I found the image, amongst others via a google image search and it’s worth mentioning just how important it is to click the Visit page option and not just the View image. Go to the site, find out more about how and who is using it. It was a very short process for me to get permission from (a very helpful) Andrew.
Armed with an archive image, I took the current image myslef. I took the new image with my iphone which also had a copy of the old image on it. I used that to get an approximate position and then took the pic. The most common of these kinds of archive mashup are often building. They are great as they give you clear lines and points of reference but railings, road kerbs and stuff like that can also act as hooks to get a good match for position.
The Pixlr interface
The old image is pasted as a new layer in the new image. Pixlr, like many image editing apps, mirrors the Photoshop model of being able to break an image down into layers so you can edit elements individually. The old image is pasted in as a new layer, Layer 2.
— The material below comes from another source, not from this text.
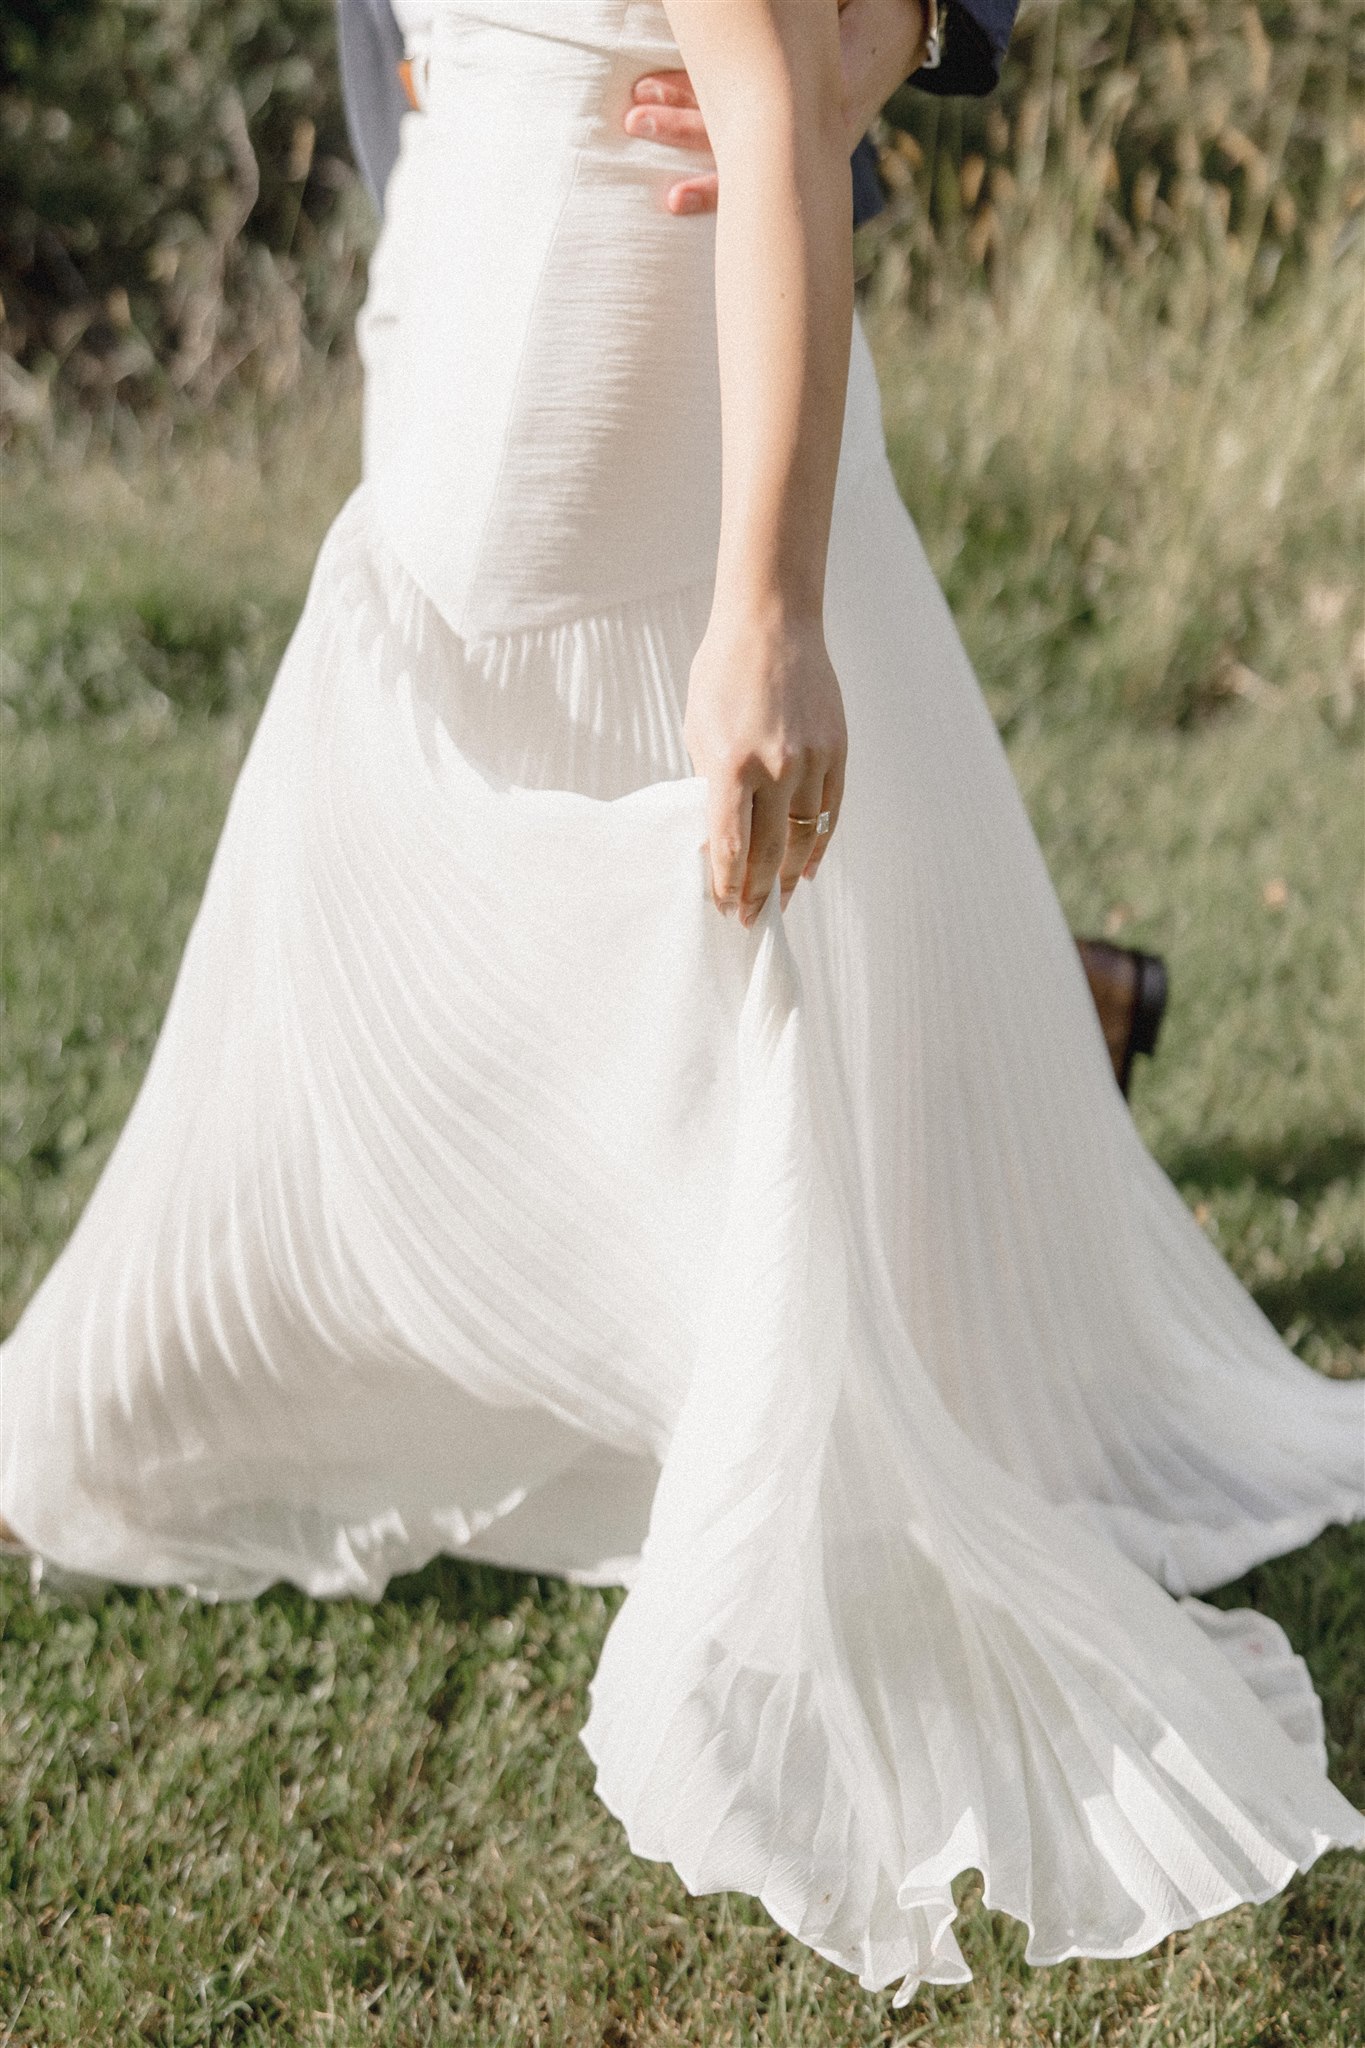 Bride showcases her dress with the striking green grass as a background

This next part is the creative (or depending on your view, fiddly) bit. You will need to use a number of tools to move the image around and and match the positioning. To make this easier we can change the transparency of the old image (the top layer) so we can see the new image below.
To move the image around to get it into generally the right position:
Sometimes the perspective of an image isn’t quite right. You can apply some distortion to an image to try and fix this.
Note: This isn’t as fine tuned or flexible as in photoshop so it’s worth a little effort to get the original image framed well if you can.
Whilst you are positioning or, as we will explore next, editing the image, it’s often useful to zoom in and move around an image to get a closer look at the detail you’re matching.
Once you have the image in about the right place you can begin removing the bits of the old image you don’t want. There are a mix of tools you can use to remove parts of the image with varying degrees of accuracy .
You can use the Lasso tool to draw round content you want to delete. This is often good for cutting round cars or people. One way of working is setting the opacity of the old layer you can draw round objects in the new layer and ‘cut a shaped hole’ in the old layer. Like the image above.
Pixlr has a history function which is really useful for a bit of trial and error. If you can’t see it then select View > History a few times to toggle it. To go back just scroll through the history and click on the last ‘good’ point.
The images alone can make for a really interesting and engaging slideshow. But with a small amount of code, you can add a slider that lets the user mix between the two images. You can see an example of the code below. It’s not a complicated bit of code (I’m no coder). All it does is layer the old image over the new image and then change the transparency of the old image with the slider.
BTW You can get a little more detail on how my approach to coding works on this blog post about journalism coders.
This exercise was, as much as anything else,a reason to create a tutorial that I could add to a list that students can experiment with. The actual process is pretty straightforward if fiddly. But its a good chance to stretch the creative muscles and get useful content that we know plays well with an audience. It also helps reinforce the value of local knowledge and taking a step beyond a google image search. The chorlton history blog was not only a diverting and interesting find. If this was something I was going to do more of, contacting Andrew would be the first step in building a useful contact.
The code part is just me playing but, and I’m going to blog about this, don’t be put off trying.It’s not tricky code and tools like Codepen make pulling it together more structured. Feel free to fork and play and as always, comments and feedback always welcome.